In his original note, Mattingly¹⁹ was intrigued by the unusual egg morphology of Cx. antillummagnorum (Fig. 4) and hypothesized that the species might display a mode of oviposition not previously documented in Culex: the emission of single eggs while hovering above a water-filled container. Skip-oviposition (a “bet hedging” oviposition strategy where female mosquitoes scatter eggs among various sites) has been observed in Anopheles spp., Deinocerites spp., and Aedini tribe species⁸. Oviposition in flight has only been reported in Anopheles spp⁸., Toxorhynchites spp¹¹., and Wyeomyia spp^1,29. and other species in the Sabethini tribe³⁰. No Culex species has been previously recorded ovipositing while in flight or is known to skip-oviposit^{8,11,14,19,29,30}. Verifying this atypical mode of oviposition within Culex would raise compelling questions about the evolution and ecological drivers of such a behavior, as well as suggest that the understanding of Culex egg-laying remains incomplete^8,15,18,20.

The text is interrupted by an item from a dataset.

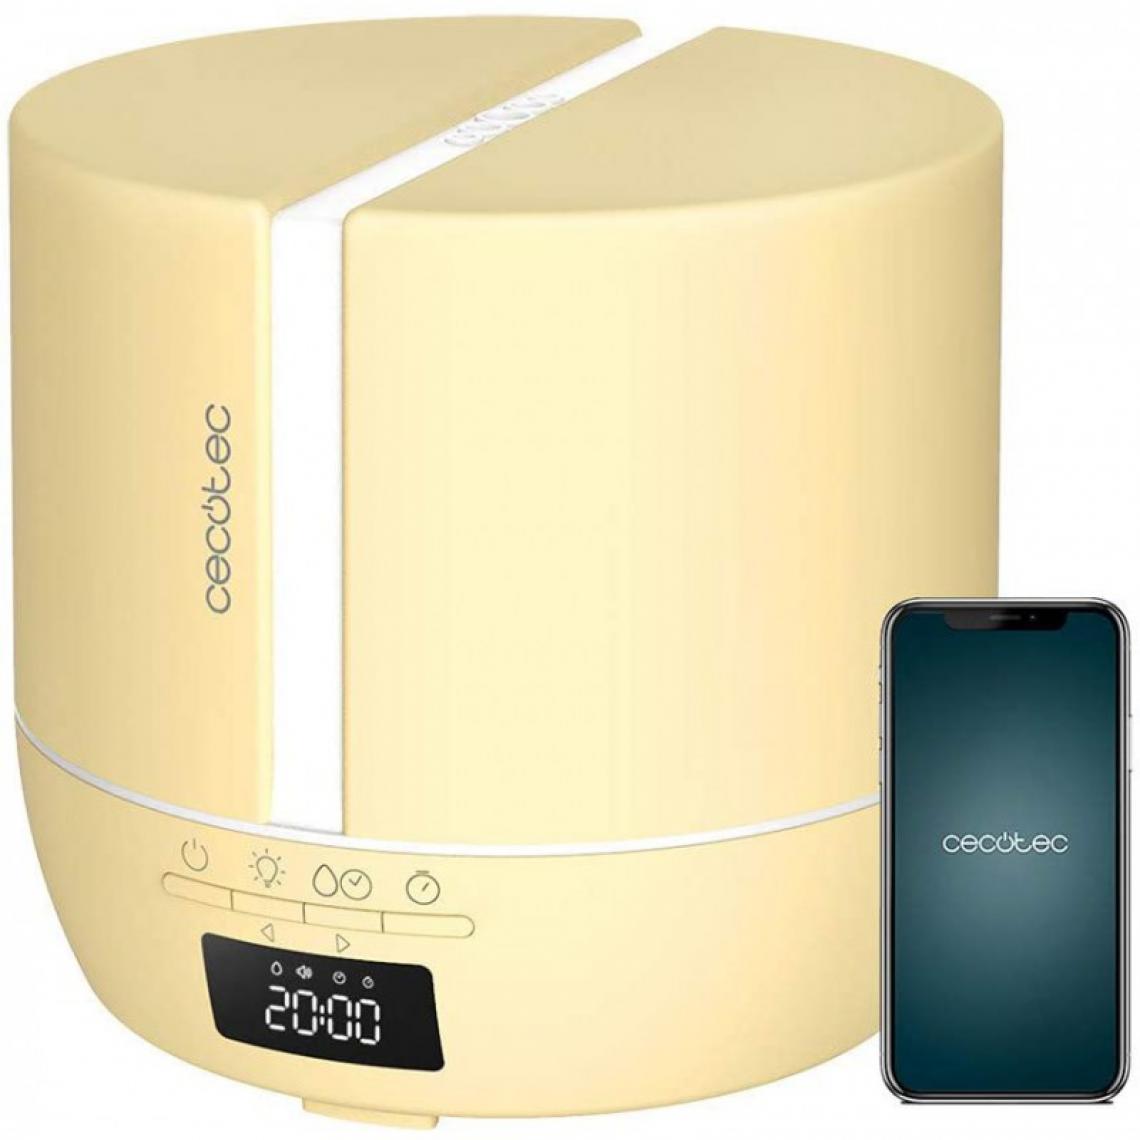 Cecotec - Cecotec, Diffuseur d'arômes, PureAroma 550 Connected SunLight, Capacité : 500 ml, écran LED, hautparleur, contrôle par Bluetooth - Purificateur d'air
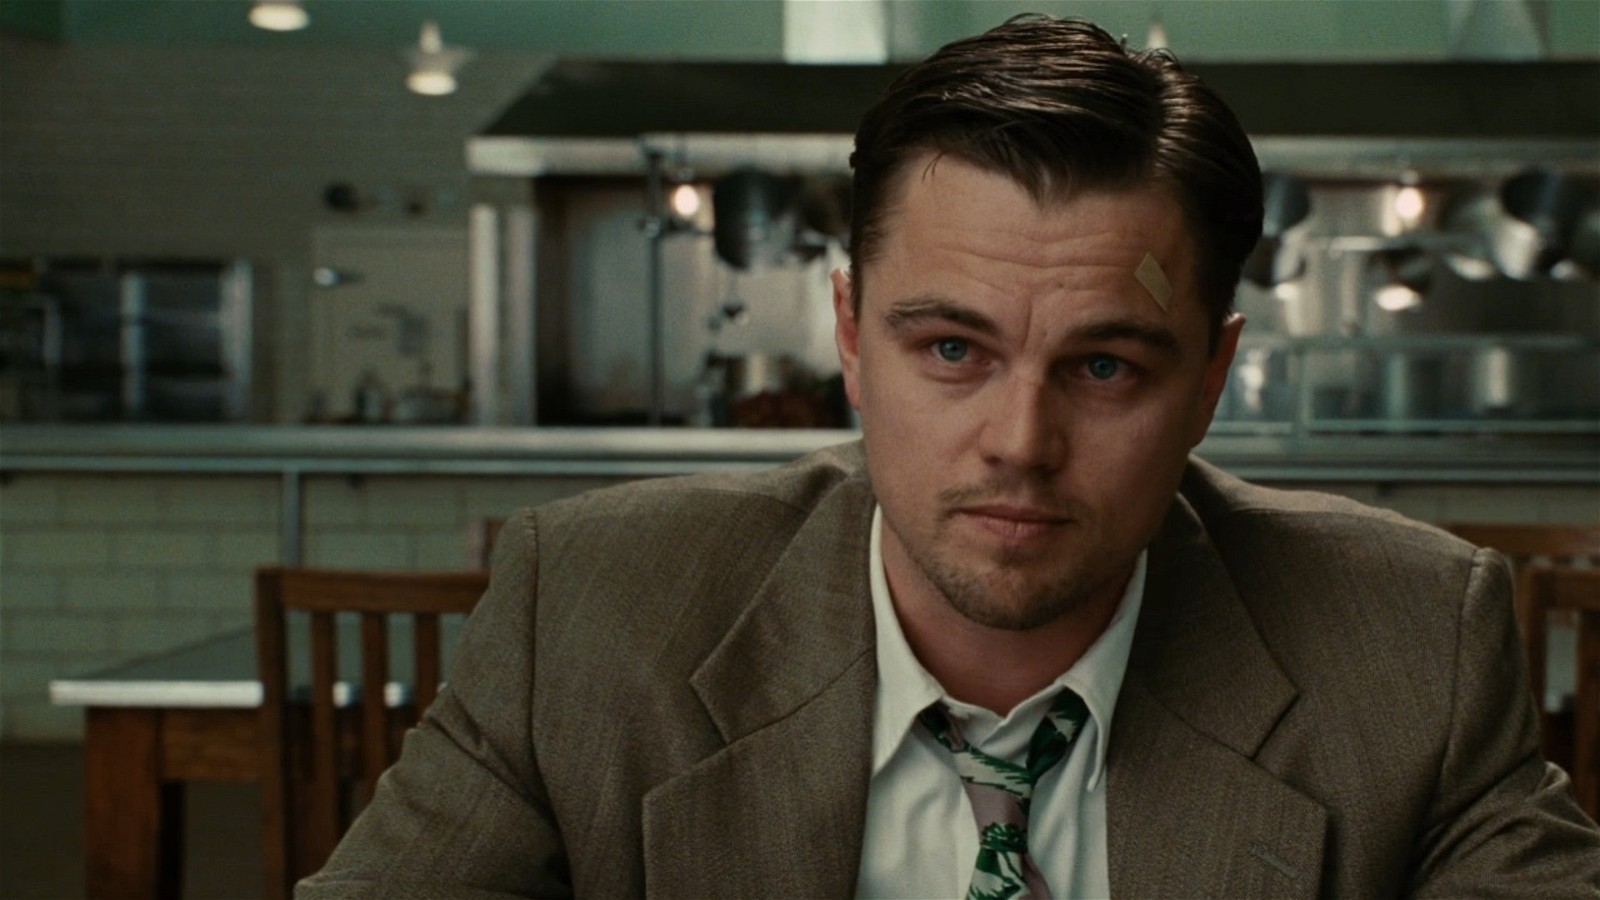 Leonardo DiCaprio as U.S. Marshall Edward “Teddy” Daniels in Shutter Island

(a) Adult female Culex antillummagnorum. The length of the long, slender palpi (0.35 of the proboscis) can be seen; this character is most often used to positively morphologically identify the species. (b) Cx. antillummagnorum larvae collected from a Heliconia caribaea bract. The larvae possess coarse, stellate tufts of abdominal hairs, uniformly shaped antennae, and extremely long, thin siphons; the 4th instar larvae of the species are easily distinguished from other mosquito larvae found in Puerto Rico (Barrera). Both specimens collected in the Luquillo Experimental Forest, Puerto Rico..

Preliminary sampling of natural containers, including C. esculenta leaf axils, H. caribaea flower bracts, epiphytic bromeliad tanks, and fallen palm spathes, throughout the Luquillo Experimental Forest (LEF) in Puerto Rico showed higher numbers of larval Cx. antillummagnorum individuals in the water-filled bracts of H. caribaea racemes (Fig. 6), suggesting a potential preference among gravid females for these oviposition sites in the LEF (data from natural container sampling were used to assess previous research and were not quantified). This finding aligned with research by Richardson et al.² and Yee²³. Gravid Cx. antillummagnorum females were then observed and filmed for several nights as they deposited eggs within H. caribaea bracts near El Verde Field Station in the LEF. With this study, we aimed to resolve the nearly 50-year-old question regarding the oviposition behavior of Cx. antillummagnorum, first raised by Mattingly¹⁹, and in doing so, learn more about this understudied species and candidate lizard malaria vector in Puerto Rico^23,28. By conducting field observations and recording numerous videos of gravid Cx. antillummagnorum in the LEF, we documented the first instance, to our knowledge, of a Culex mosquito aerially and skip-ovipositing.